Behavioral Blocking: An effective means of stopping 0-day

March 25, 2008

Behavioral blocking (a.k.a kernel rules / system rules) can provide the first layer of defense against emerging threats exploiting 0-day vulnerabilities. Exploits commonly take advantage of mistakes made by programmers and thus good applications can turn bad in an instant.

Malformed documents have accounted for a good number of these attacks (PDF, MDB, DOC, etc) recently. Take for example the new vulnerability discovered in Microsoft Access reported by Ismael Briones from PandaLabs (http://pandalabs.pandasecurity.com/archive/New-MS-Access-exploit.aspx).

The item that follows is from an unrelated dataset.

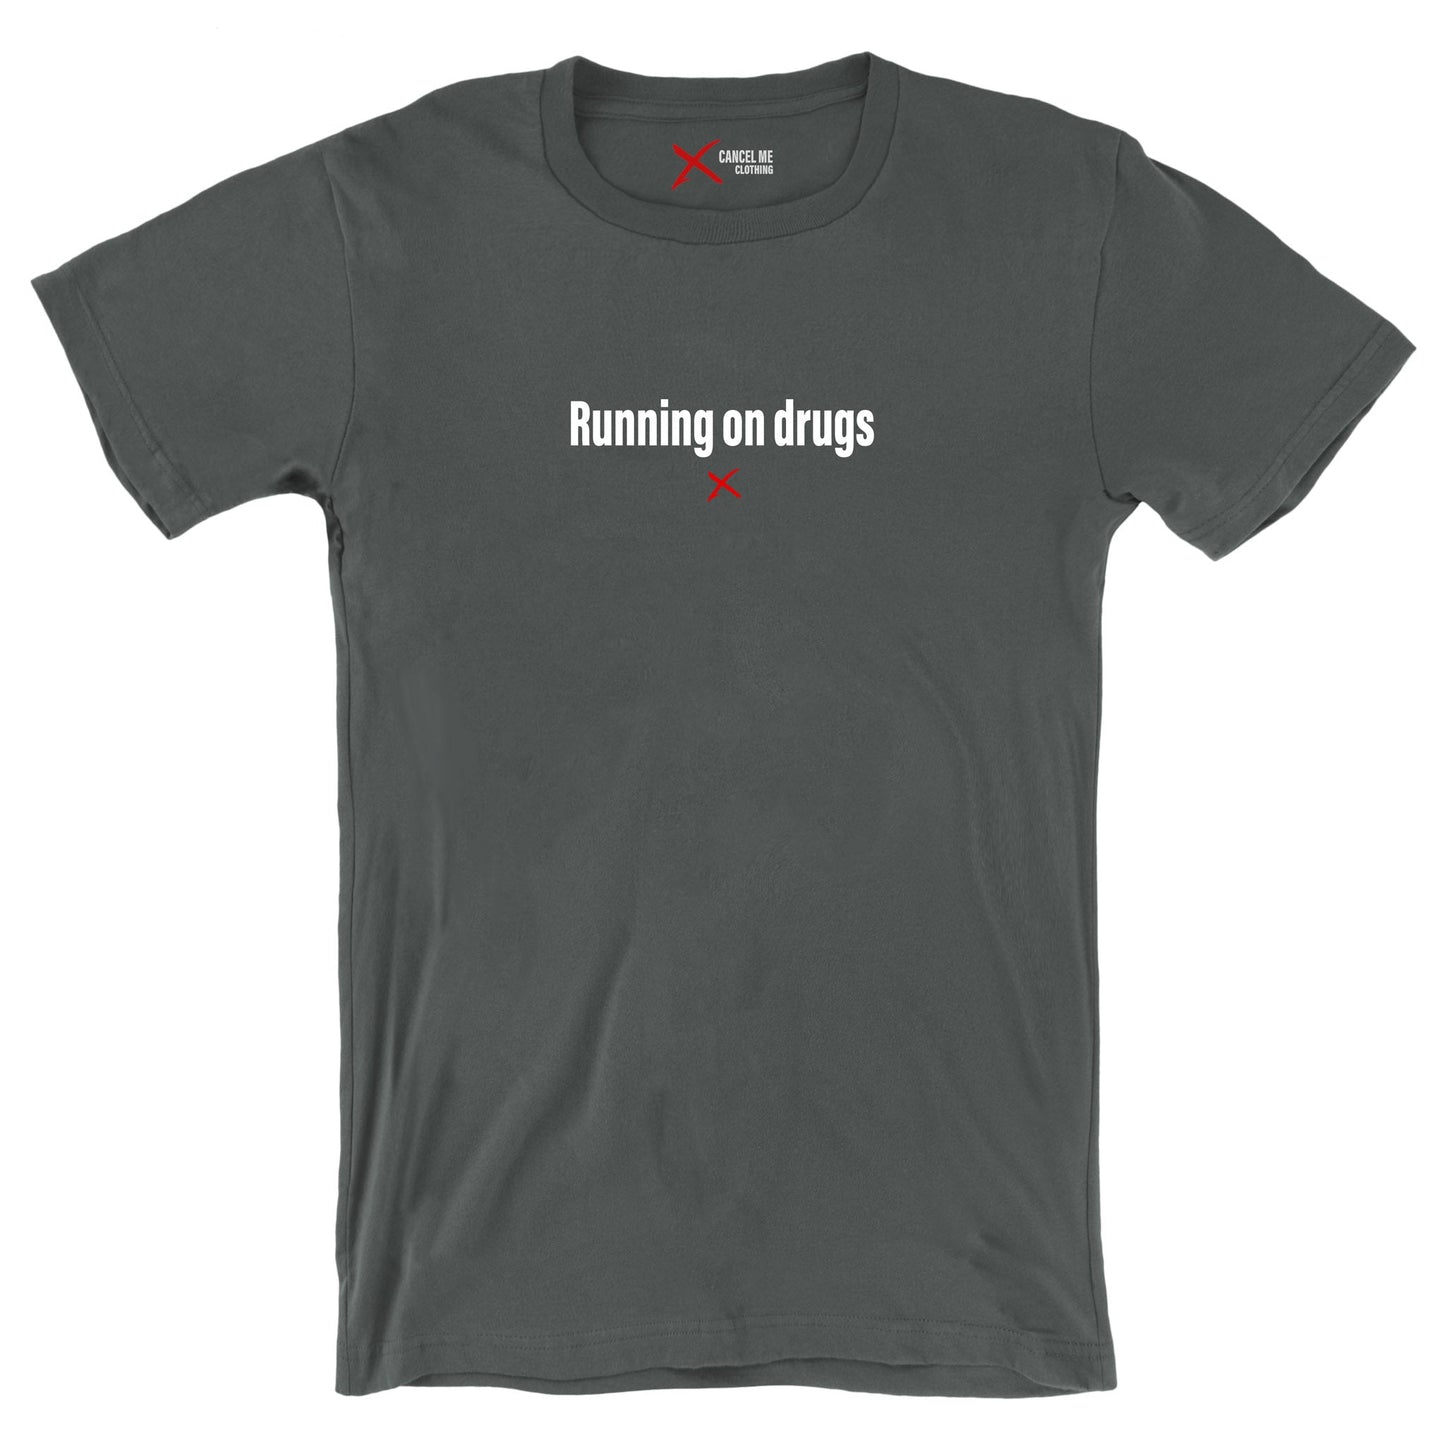 Running on drugs - Shirt

All in all a bit of clever social engineering can result in successful exploitation, thus, resulting in confidential information being stolen from a user’s system.

An effective use of behavioral blocking can mitigate the risks of a 0-day threat. This works by monitoring the behavior of applications and applying such rules as: “Adobe Acrobat shouldn’t spawn a command shell“, or “Internet Explorer should not inject threads into other processes.”

This way one can proactively block new exploits (including the one for MS Access) without the actual need to analyze the threat and produce detection for it. However; it is still crucial that other protection layers exist (behavioral analysis, system hardening, IPS firewall, etc) as behavioral blocking alone is not 100%.